## What to produce
Could you repeat the listing below exactly while leaving its pictures behind?

## Information shown
::::::

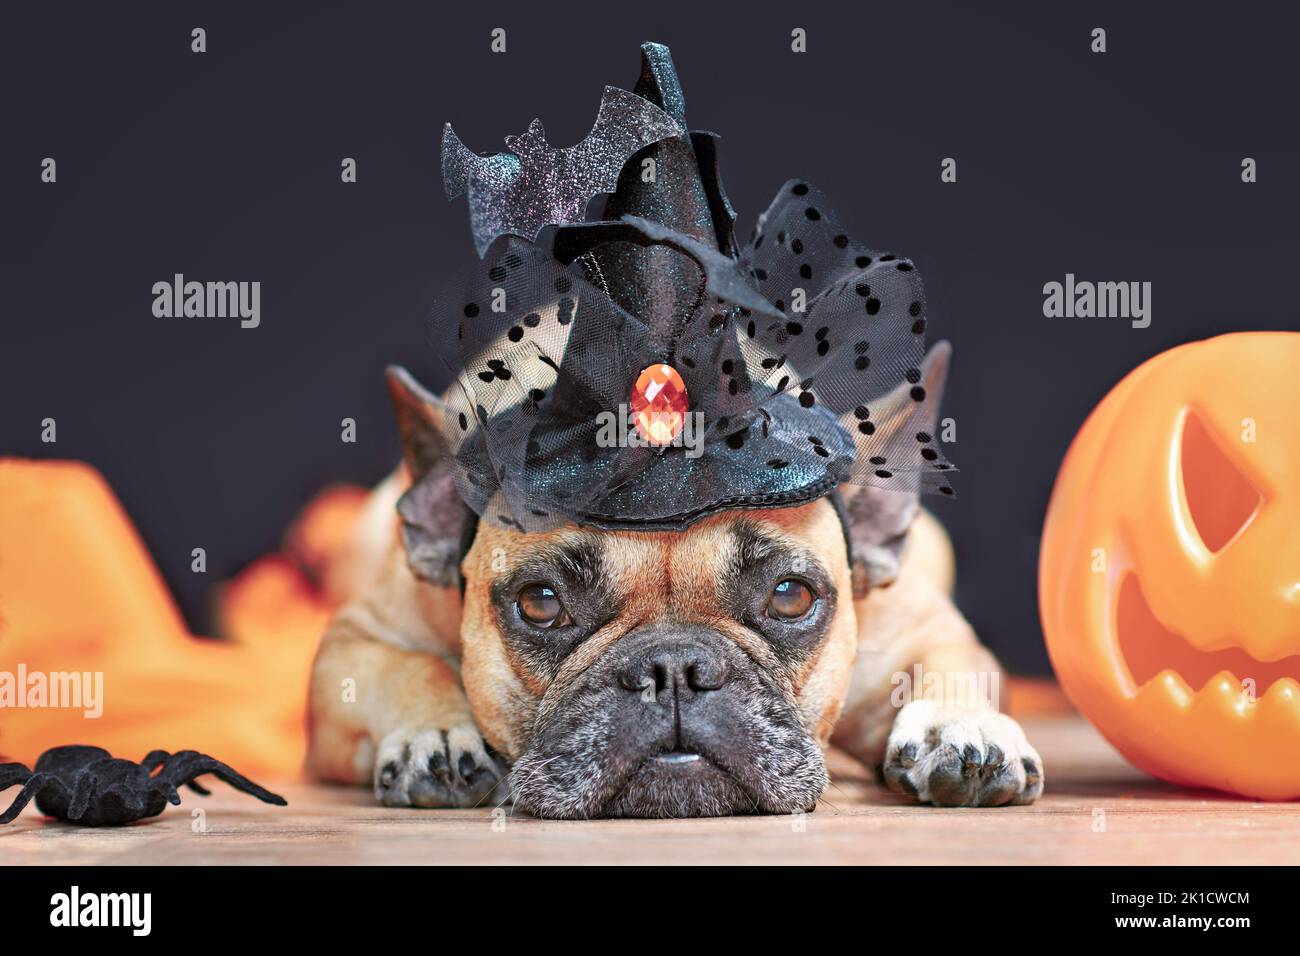 Cute French Bulldog dog with Halloween costume witch hat next to carved pumpkin lying down in front of black background Stock Photo
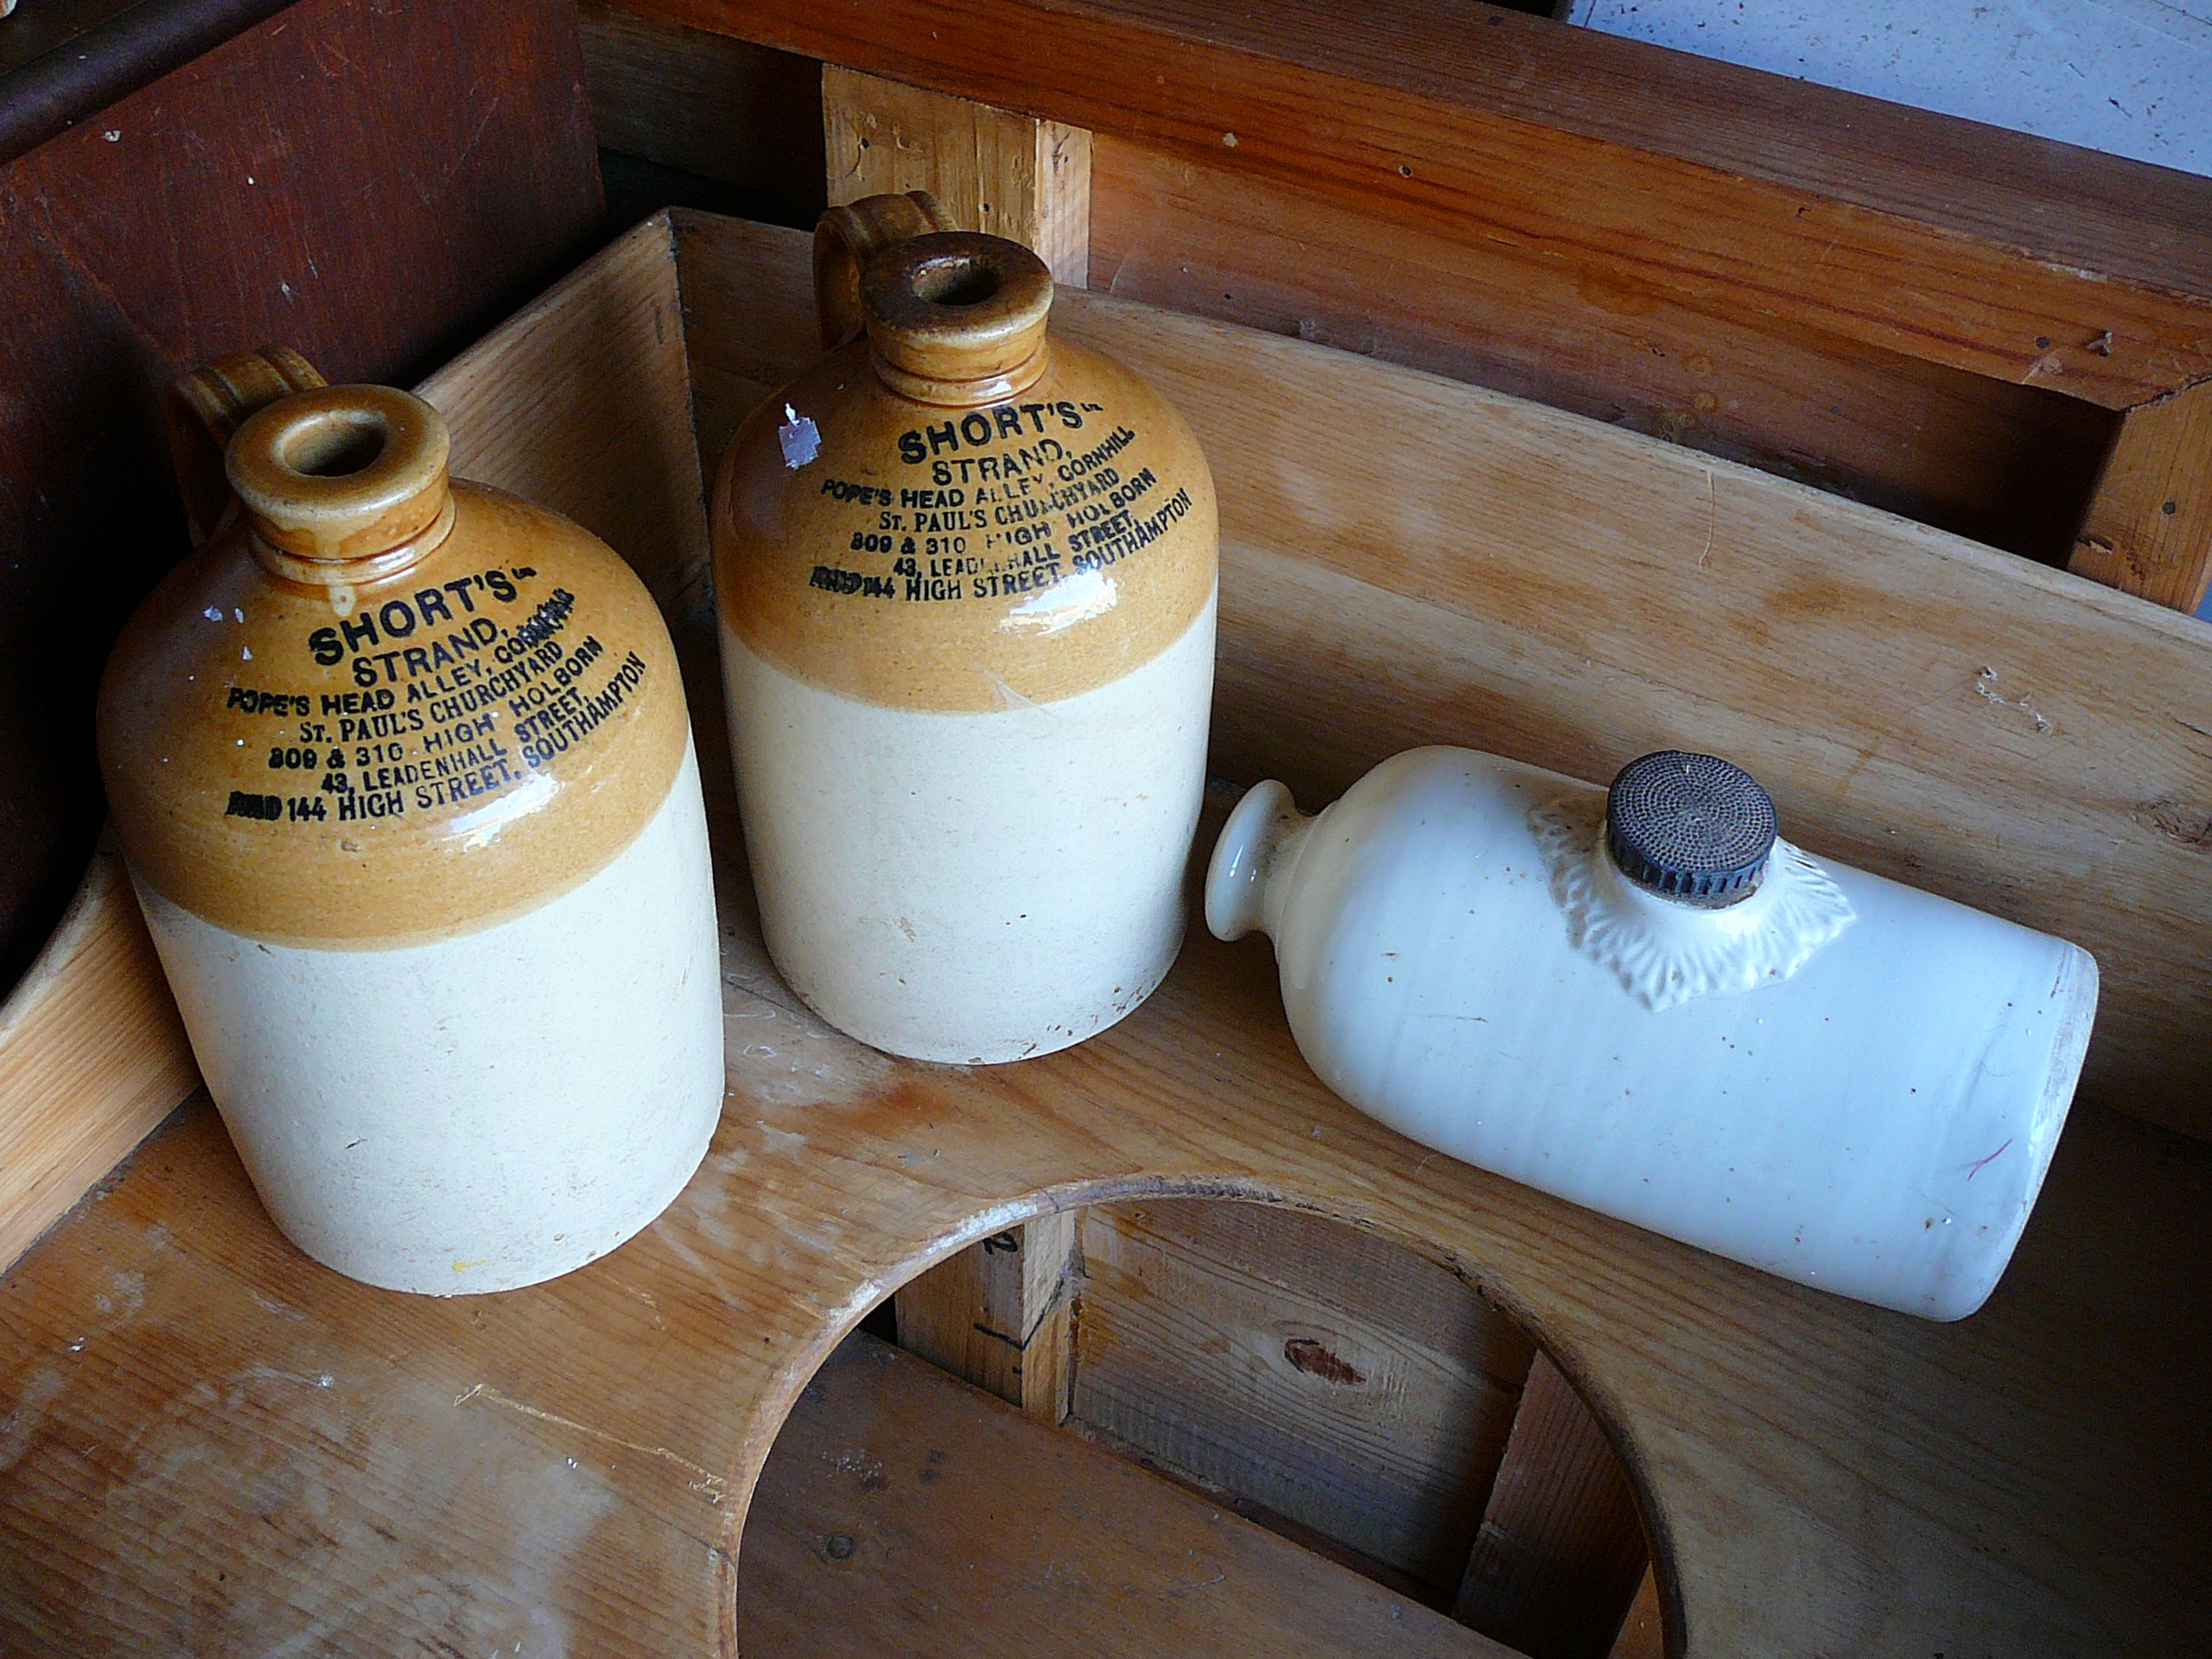 Stoneware hot water bottle and two stoneware flagons
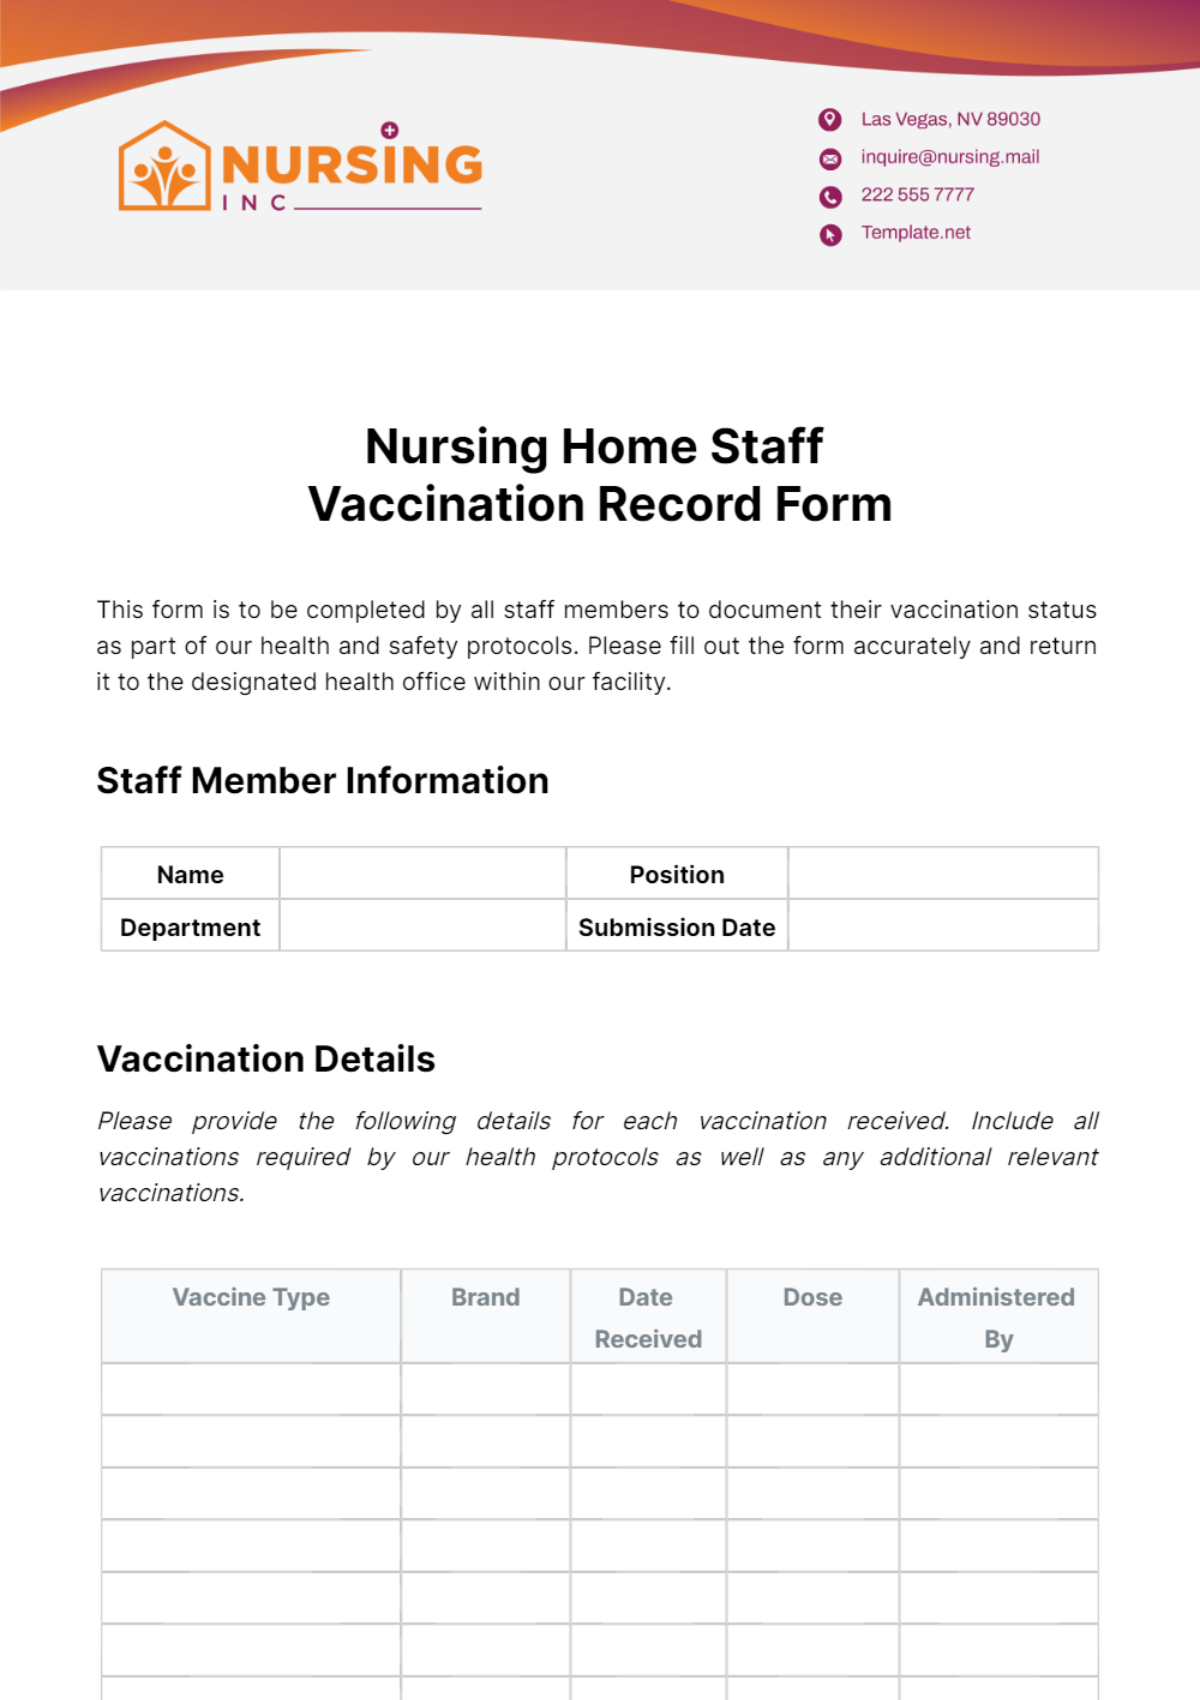 Nursing Home Staff Vaccination Record Form Template
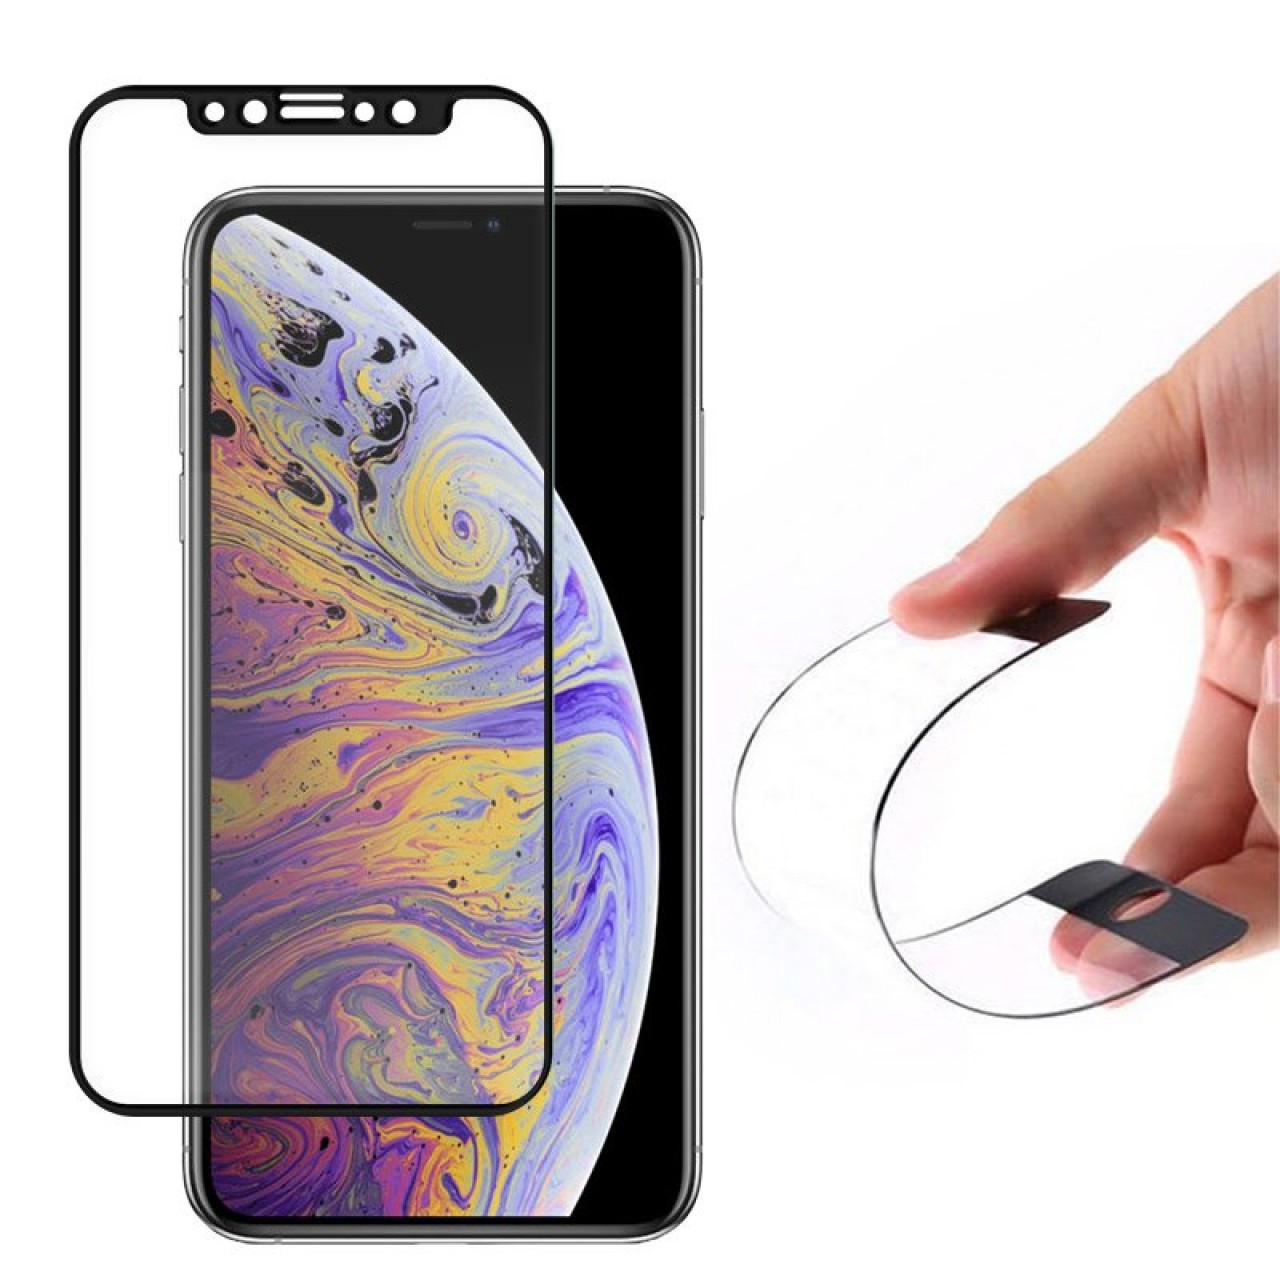 Tempered Glass (Τζάμι) - Προστασία Οθόνης για iphone XS Max / 11 Pro MAX Full Cover Flexi Nano Glass Hybrid Screen Protector with frame - 4882 - Wozinsky

::::::

## Finished task
 Cute French Bulldog dog with Halloween costume witch hat next to carved pumpkin lying down in front of black background Stock Photo
 Stoneware hot water bottle and two stoneware flagons
 Nursing Home Staff Vaccination Record Form Template
 Tempered Glass (Τζάμι) - Προστασία Οθόνης για iphone XS Max / 11 Pro MAX Full Cover Flexi Nano Glass Hybrid Screen Protector with frame - 4882 - Wozinsky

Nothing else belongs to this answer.